Miss Savereide's domination of American women is evident in her two point lead over her nearest rivals, Dorothy Teasley of New York and Ruth Herstein of Los Angeles, who shared second place with scores of 6‐4. The only player to win a game from Miss Savereide was Ruth Donnelly of Smithtown, L.I.,
---NY Times 9/26/76

 

     Diane Savereide was on fire in 1976. 


First she won the U.S. Women's Championship (for the second time), then became the U.S. Open Women's Champion followed by winning the important Marshall Women's Invitational.  


     

     Not directly related to the U.S. Women's Championship but pertinent nonetheless, Savereide (board 1), Crotto (board 2),  Herstein (board 3) and Orton (reserve) were selected to be on the Olympiad team for the event held in Haifa, Israel October-November 1976.  IM William Martz was the trainer/Captain. 

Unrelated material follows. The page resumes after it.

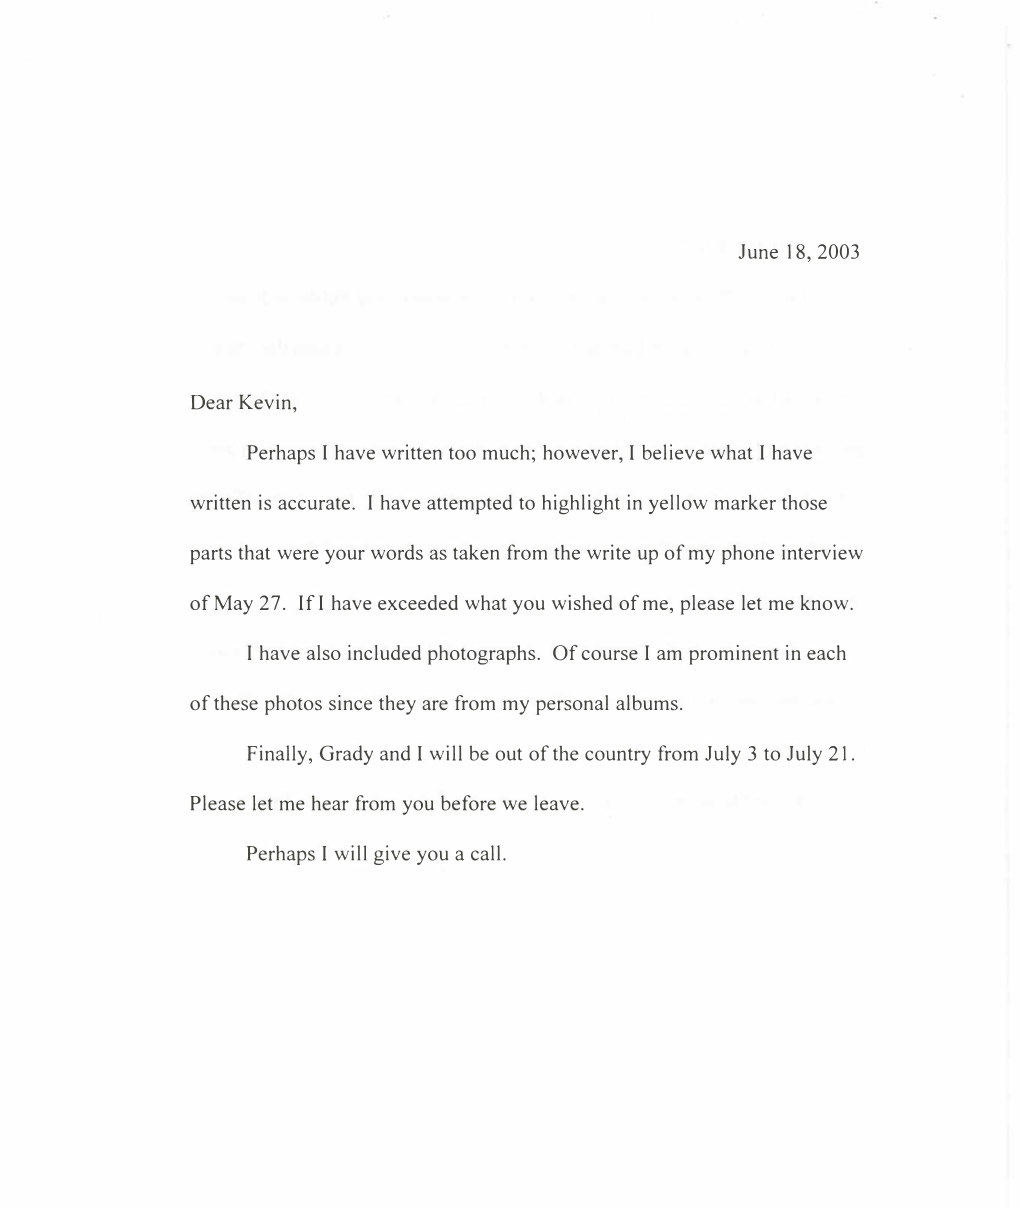 Letter, to Kevin from Dr. Saffy, June 18, 2003

     The USA team ended up in fourth place in Group A (behind Israel, England and Spain). Ruth Orton won the individual Bronze Medal for the reserve group.
     An odd situation occurred in the game between Diane Savereide and England's chmpion, Jana Harston.  According to Martz, it had been announced at the start that the rule governing one's responsibility to record one's moves would be strictly enforced.  An unspecified Israeli player had even forfeited a game for refusing to record the moves under time-pressure.  In the Harston-Savereide game Harston, in time pressure, stopped writing down on move 34, but Savereide (who was thought to have had an equal or better position but was also in time trouble) continued recording her moves with the impression that the arbiter would intervene. Isaac Kashdan, the chief judge, chose to let it slide, in effect giving Harston a time advantage where little time remained and which most likely was a factor in her blunder on move 39.  In the appeal, it was determined that the judge had the right of discretion in this matter.  It's highly probable that the lack of consistent enforcement of this rule cost Savereide either the game or a draw.  Jana Malypetrova (Mrs.William) Harston (later married Robert Bellin, the Tony Miles) who had been a 2x Czech women's champion and an 8x British women's chess champion, won the individual silver medal for 1st board.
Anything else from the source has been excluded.